I Built an AI Agent for NHS Cancer Waits. Its Best Feature Is the Question It Won’t Answer.
The author built an AI agent to address the lack of transparency in NHS cancer waiting times, inspired by the real-time tracking available in consumer services. The system explicitly refuses to provide individual patient forecasts, citing ethical concerns and the absence of predictive data in historical NHS records. Instead of prediction, the agent provides statistical probabilities based on historical performance, presenting data as "odds" (e.g., "two in three") rather than raw percentages to r
Analysis
TL;DR
- The author built an AI agent to address the lack of transparency in NHS cancer waiting times, inspired by the real-time tracking available in consumer services.
- The system explicitly refuses to provide individual patient forecasts, citing ethical concerns and the absence of predictive data in historical NHS records.

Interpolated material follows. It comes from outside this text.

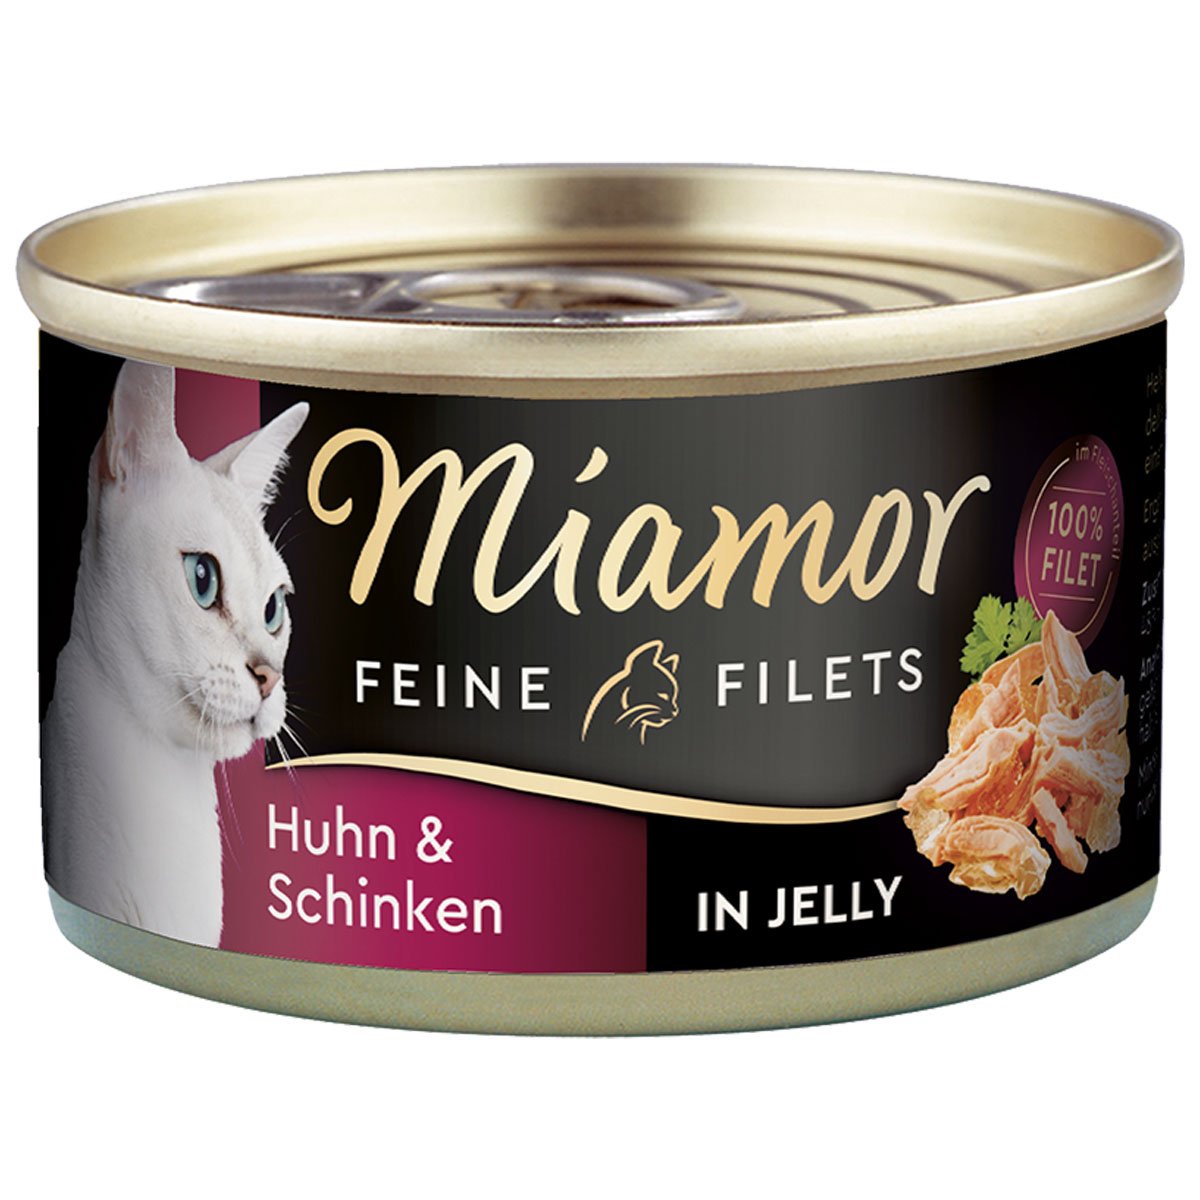 Miamor Feine Filets in Jelly Huhn und Schinken 100g Dose 48x100g

- Instead of prediction, the agent provides statistical probabilities based on historical performance, presenting data as "odds" (e.g., "two in three") rather than raw percentages to reduce anxiety.
- The architecture strictly separates computation from generation: Python handles all data processing and logic, while a lightweight LLM (Claude Haiku) is used solely for natural language formatting.

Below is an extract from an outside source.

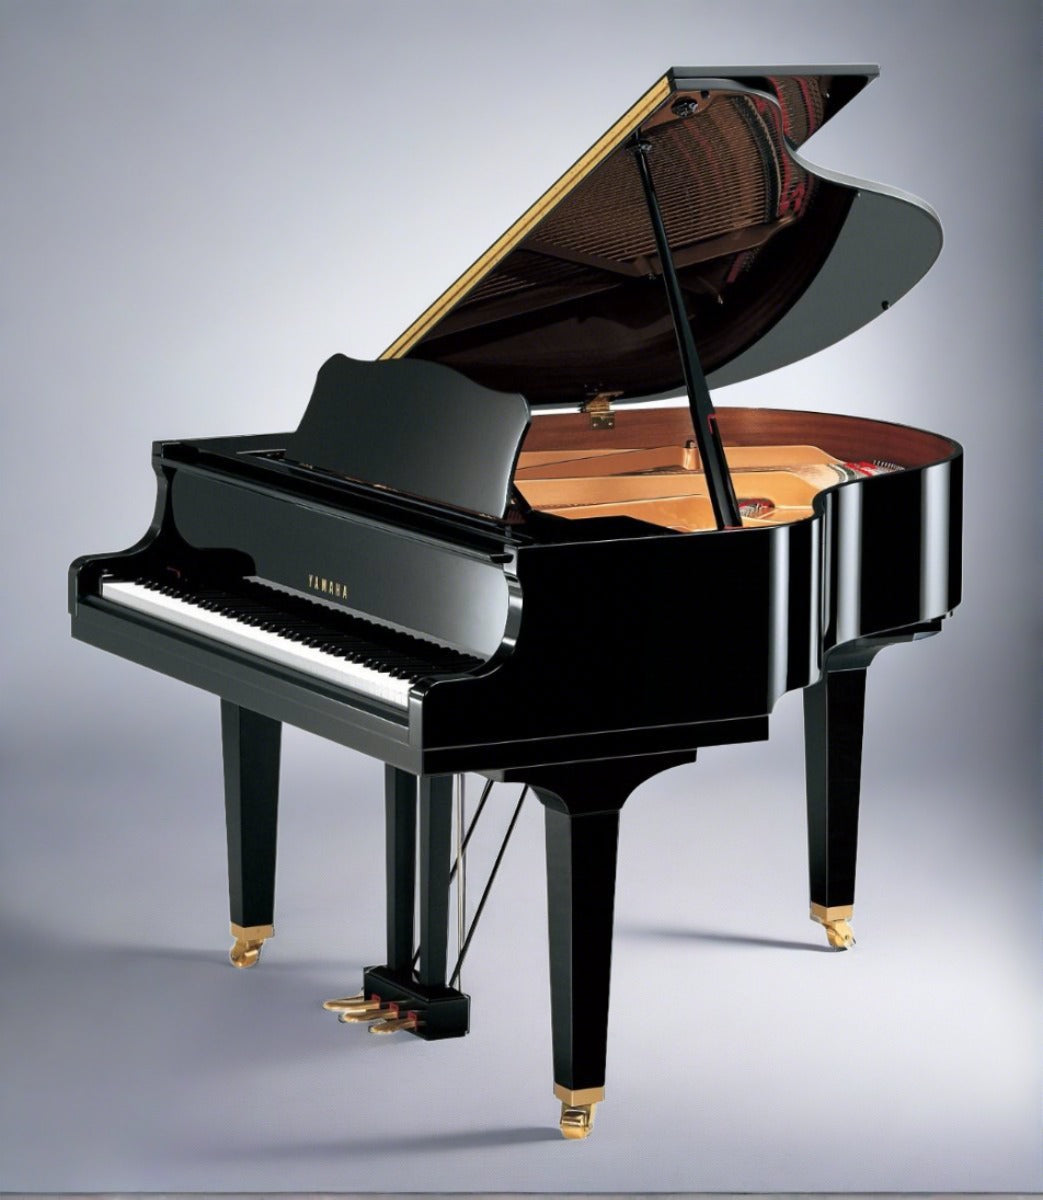 Yamaha U1 48 SILENT Professional Upright Piano

- An automated evaluation framework ensures factual accuracy and adherence to style guidelines, catching both model hallucinations and underlying code bugs.
Why It Matters
This case study demonstrates a responsible approach to deploying AI in high-stakes healthcare contexts, prioritizing honesty and clarity over speculative predictions. It highlights a robust engineering pattern where deterministic code manages data integrity and LLMs serve only as presentation layers, minimizing the risk of hallucination. This model offers a blueprint for building trustworthy AI agents in regulated industries where accuracy and ethical considerations are paramount.
Technical Details
- Data Pipeline: Raw NHS England data (over 1 million rows) is processed through a Bronze, Silver, and Gold refinement stage using pandas, resulting in a clean table with one row per trust per month.

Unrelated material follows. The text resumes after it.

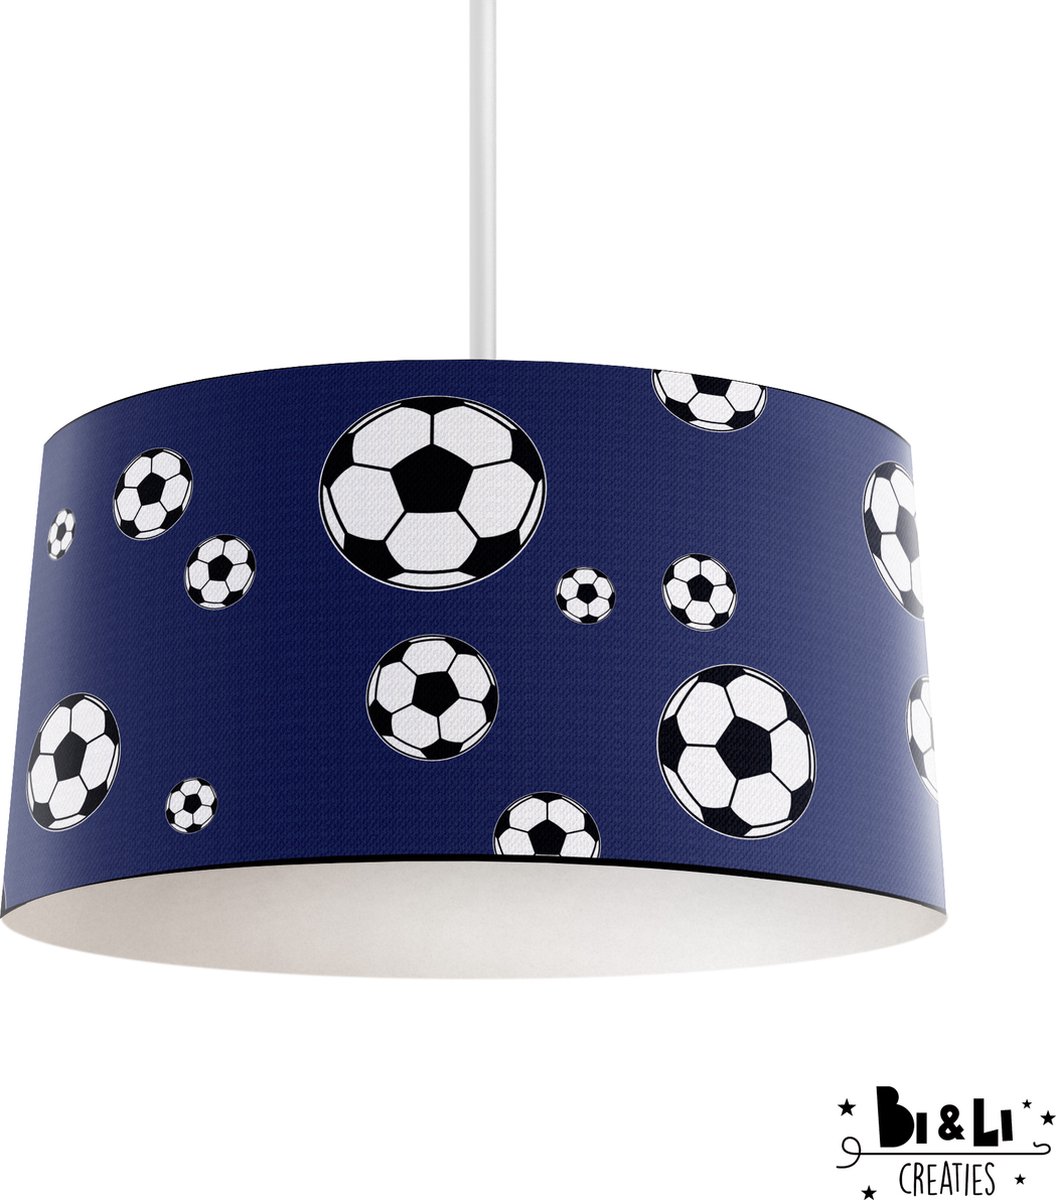 Hanglamp voetbal - kinder & babykamer - lampen - blauw - kunststof - 30x25cm - excl. lichtbron

- Architecture: A strict separation of concerns where Python computes all metrics (percentages, trends, comparisons) and generates plain-English phrases. The LLM receives pre-computed facts and is instructed not to introduce any new numbers.
- Model Selection: Uses Claude Haiku, selected for its cost-efficiency and speed, functioning purely as a text formatter rather than a reasoning engine.
- Evaluation Framework: An automated testing suite validates outputs against source data and style rules, flagging contradictions, unauthorized editorializing, or incorrect advice.
Industry Insight
- Trust Through Transparency: In sensitive domains, AI systems should clearly state their limitations (e.g., inability to predict individual outcomes) rather than attempting to guess, which builds user trust.
- Deterministic Pre-processing: Offloading complex logic and calculations to traditional code reduces the burden on LLMs, ensuring factual consistency and reducing token costs.
- Automated Quality Assurance: Implementing rigorous automated checks for both model output and backend logic is essential for maintaining reliability in production environments, especially when dealing with large volumes of generated content.
Disclaimer: The above content is generated by AI and is for reference only.